Has anyone had a chance to directly compare different speaker isolation tweaks? I am wondering because of the recent thread on the Sistrum stand. I know that many of these things have been discussed in other posts, but there is not alot of direct comparison among them. I suspect that most of these are excellent, so if anyone has some information on their specific sonic impact, that would be helpful. I have a pair of Thiel 7.2s. Some of the ones I am considering:

Aurios Pro
Sistrum Speaker Stand
Mana Speaker Stand
Stillpoints
Audiopoints

Thanks,
Rob
rtn1

Showing 4 responses by zargon

This thread is of great interest to me currently. I have recently placed my 5As on a piece of MDF over the carpet on a large second floor listening room over the garage. I did this to help me move them around for purposes of testing. What I discovered is that the speakers had much more life in them on the MDF. The highs were much clearer and the vocals more magical. After listening for a couple of weeks, I put them back on the carpet in exactly the same position and the life was sucked back out.
I had previously believed that the speakers were best off coupled to the floor, and the 5As have cones which I assumed were coupling devices. Now I realize that for reasons I can't explain, the image is much better with a degree of isolation.
Let me also say that the cones may not have penetrated the thick carpet and pad very successfully.
Can anyone help here? Should I be considering a better isolation platform under the speakers? Or should I be cutting through the carpet to let the cones get to the subfloor? Can an of the Systrum technology help? I looked at their stands and I don't think they can mate to the botton of the 5A with its sub opening and grill.
Thanks for any help.
I am most interested in what is going on here. When the speakers are spiked onto the floor, this should create the best path for resonant energy to depart (good), and this should increase the energy input into the floor which drives the natural floor resonance (bad). Putting the speakers on MDF over the carpet should reduce both the good and bad effects above. This is the dilemma.

I can notice this dramatic improvement when listening to a female vocal with delicate symbols and piano in the background. So there are no heavy bass notes that might be shaking the speakers or the floor. Also, for what it is worth, I can easily feel the floor resonate around 30HZ when conducting SPL measurements. However, the I have adjusted the subs in the 5As and have a smooth response from 20 to 160 HZ within +or- 3DB.

Yesterday I bought some heavy cutting boards to try under the speakers in place of the MDF. I am just trying to confirm what I am hearing with another material. I would like to try the Systrum platforms, but it would seem to raise the speakers up too high for proper listening. With regard to hanging the speakers on wires, these 5As weigh 185 lbs. each!

I spoke to Richard Vandersteen at CES about this and he doesn't like putting the speakers on MDF because he felt they would not be stable enough (movement front to back that would distort the image). His answer was to strengthen the floor from underneath.

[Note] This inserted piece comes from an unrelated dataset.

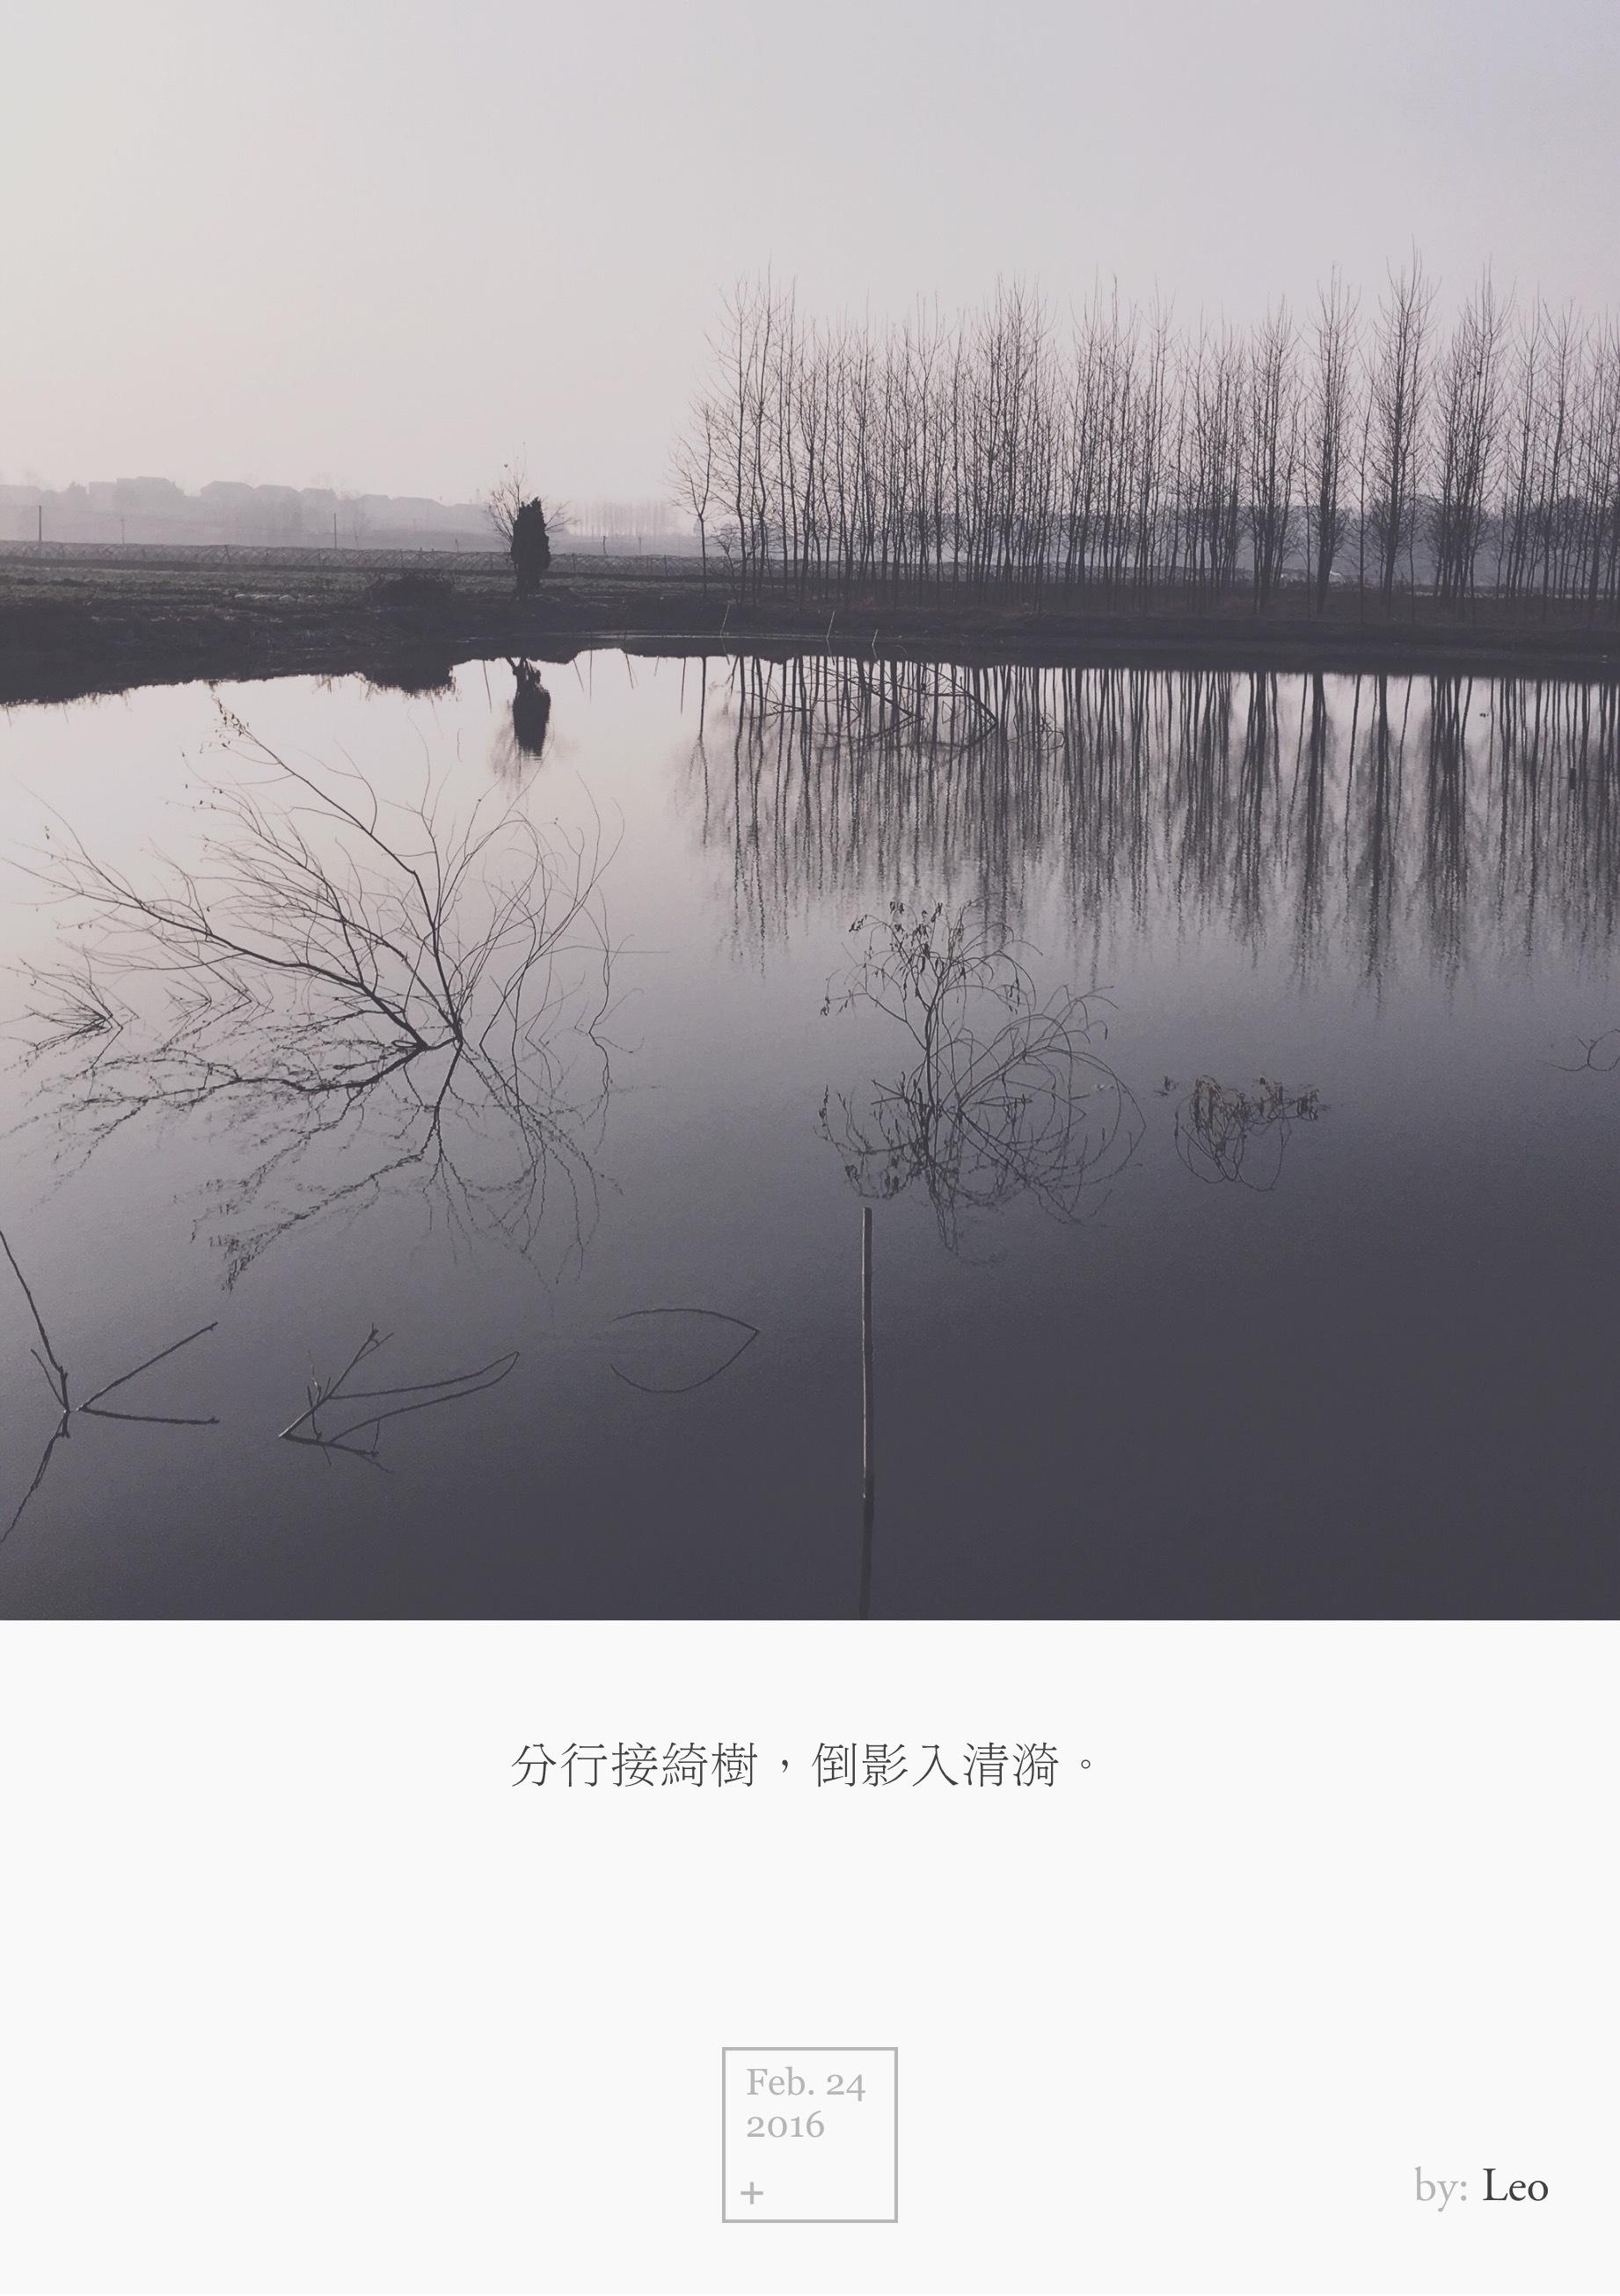 湖面倒影树木

I'm still trying to figure out where to go next. Thanks for your ideas.
My listening room is in a formal living room with cathedral ceilings and a very strong WAF. I am just lucky to have it there at all! The decorator once came in and asked if I could push the speakers back into the corners. That got a lot of support from the other half. I am afraid hanging is out of the question or it would be my hanging!
Barry, thanks for such a good description of the USE in audio systems! So given this, can isolation platforms (designed to convert vibration into heat) that are most frequently applied to components and amps be applied to speakers? What are the pros and cons?